JP3166437B2 - Optical deflector - Google Patents

Description

DETAILED DESCRIPTION OF THE INVENTION

[0001]

BACKGROUND OF THE INVENTION 1. Field of the Invention The present invention scans an original image or a photoreceptor with a light beam emitted from a laser light source in an image reading system such as a digital copying machine or a facsimile or an image writing system such as a laser beam printer. To an optical deflector for

[0002]

2. Description of the Related Art Conventionally, as a reading system of a document image, there has been known a method of exposing and scanning a document image with a light beam to obtain density information for each pixel from reflected light thereof. There is known a method of exposing and scanning a photosensitive member with a light beam modulated according to information to form an electrostatic latent image. As a method of scanning a document image or a photoreceptor with a light beam emitted from a laser light source in any system, a scanning method using an optical deflector provided with a polygon mirror is known.

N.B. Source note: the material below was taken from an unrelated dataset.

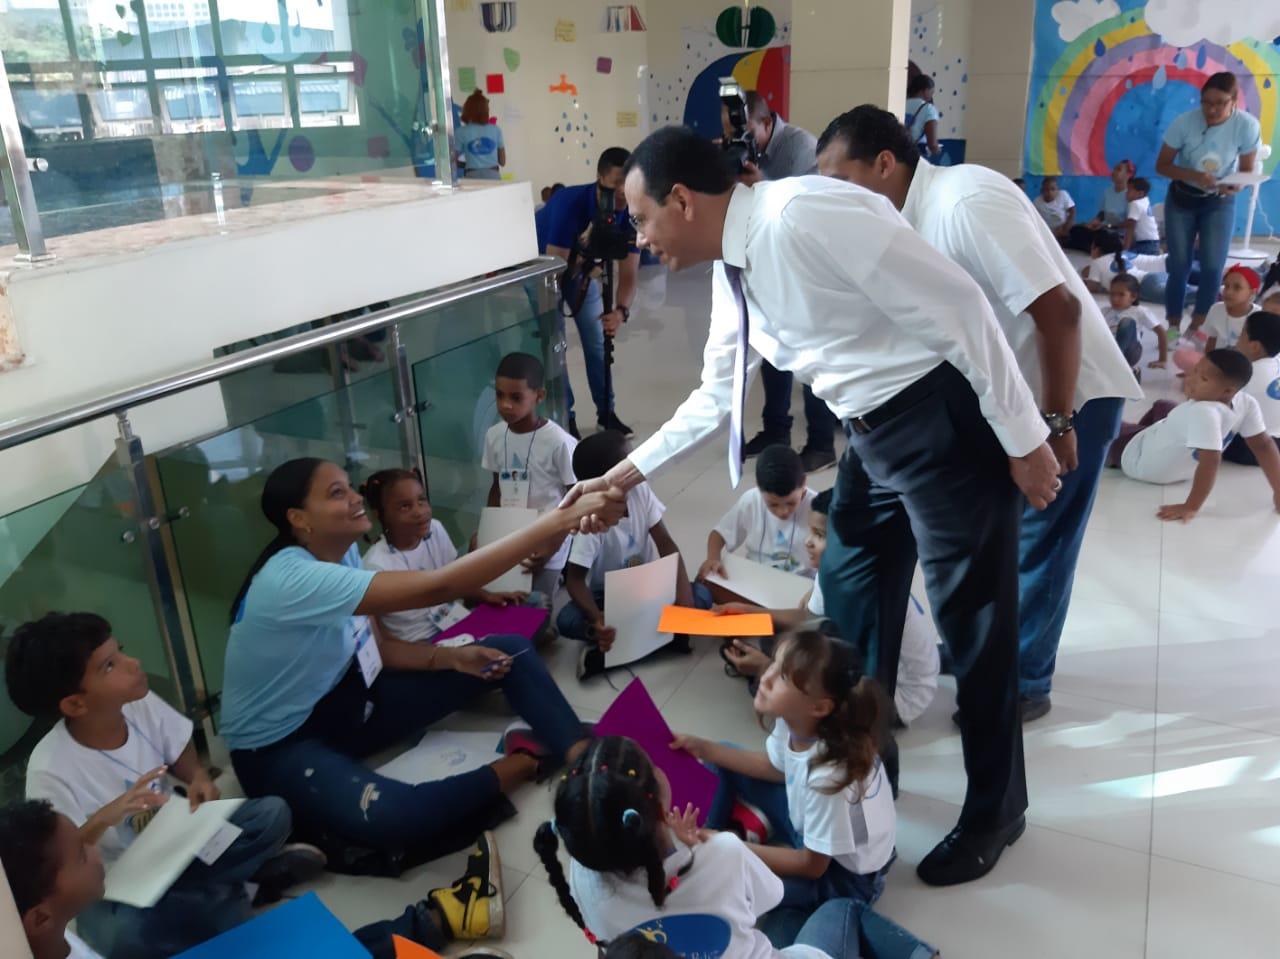 Imagen Ministro de Educación saluda a facilitadora sentada en el piso junto a grupo de niños.

FIG. 5 is a schematic diagram showing an image writing system using this scanning method.
01 is a collimator lens, and 102 is a polygon mirror 102a
, An optical deflector having a reference numeral 104, an f-θ lens, and a reference numeral 1
Reference numeral 05 denotes each photosensitive drum. Laser light source 1
The light beam emitted from 00 is reflected by the reflecting mirror surface of the polygon mirror 102a and enters the photosensitive drum 105. At this time, the light beam is deflected by the rotation of the polygon mirror 102a in the direction of arrow A, and Along the line B direction
Scan 5 In addition, the photosensitive drum 105 rotates in the direction of the arrow C along with this, and a two-dimensional electrostatic latent image is formed on the photosensitive drum 105.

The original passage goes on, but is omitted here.